Home health providers should be incorporating audio-recorded patient-nurse communication into their patient risk identification models, according to a recent study published in the Journal of American Medical Informatics Association.
The study’s research team — working alongside VNS Health nurses — recorded 126 patient nurse interactions with 47 patients.
Overall, home health care serves more than 6 million patients in the U.S., and a good chunk of those patients end up back in the hospital.
And the majority of patient risk identification models, which are mostly based on electronic health record data, don’t incorporate audio-recorded patient-nurse verbal communication.
In their current form, these models are only seeing modest success when it comes to detecting patients at risk for ED visits or hospitalization.
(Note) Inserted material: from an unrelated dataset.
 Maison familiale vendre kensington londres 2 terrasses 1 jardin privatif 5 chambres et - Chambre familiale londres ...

Still, the research team initially received pushback at the idea of recording patient and nurse encounters.
“One of our challenges when we started this study was convincing nursing to allow us to audio record conversations between nurses and patients,” Maryam Zolnoori, PhD at Columbia University School of Nursing, and leader of the research team, told Home Health Care News. “They told us they document everything in clinical notes, so it’s not necessary to record a conversation between them and the patient. They also had a concern about the privacy of the conversation with the patient.”
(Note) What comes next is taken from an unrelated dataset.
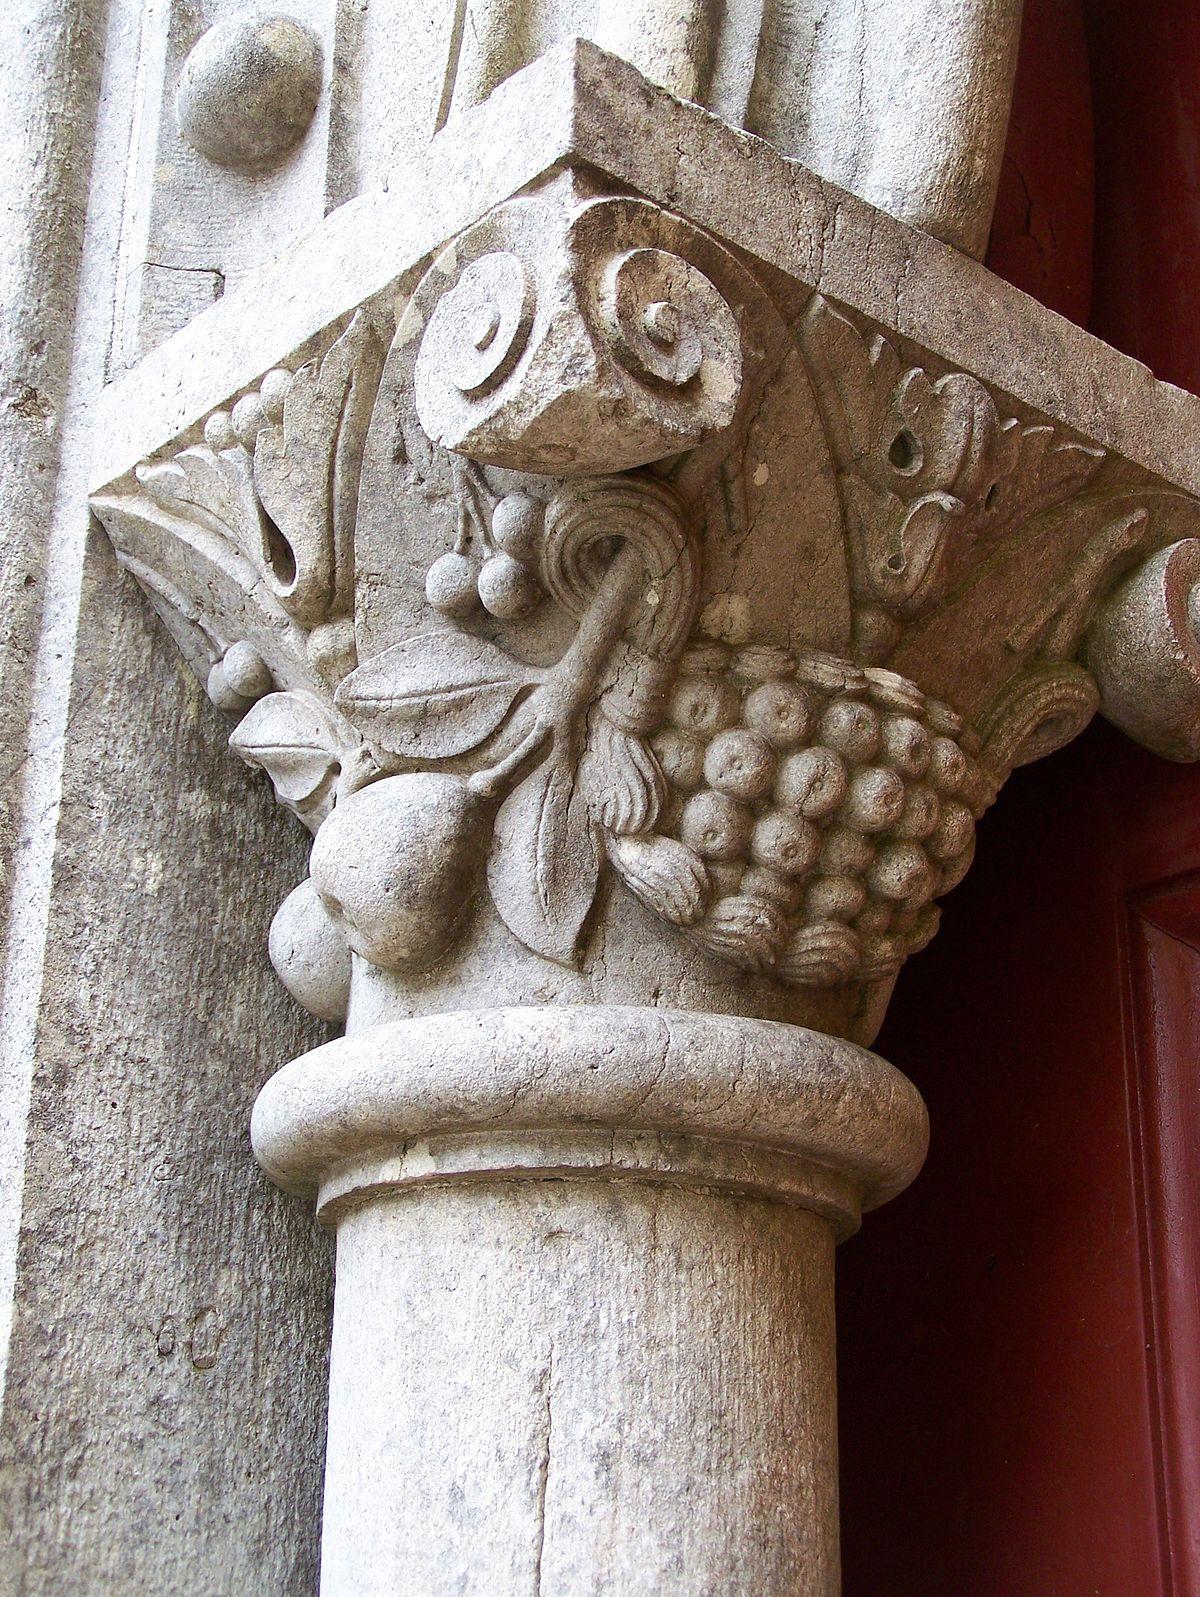 Astr galo arquitectura wikipedia la enciclopedia libre for Arte arquitectura definicion

The research team redeveloped the risk model to include OASIS data, clinical notes and verbal communication features. They found that incorporating verbal communication data improved risk models by 26%.
Additionally, researchers found that patients that were more at risk typically showed signs of sadness, anxiety and had long periods of silence amid conversations, according to the study.
Zolnoori believes that these findings make the case for beefing up clinical workflows in order to include patient and nurse communication in medical records. She also pointed out the need to train nurses in order to emphasize the importance of audio recording data.
“If [home health providers] embed this into their clinical workflow, it has a substantial impact on the patient’s care,” she said. “We can use this data to not only develop effective risk identification models, it can be used for detecting patients with Alzheimer’s, or it can be used for detecting patients at risk of emergency department visits. It also helps just to reduce documentation time for nurses.”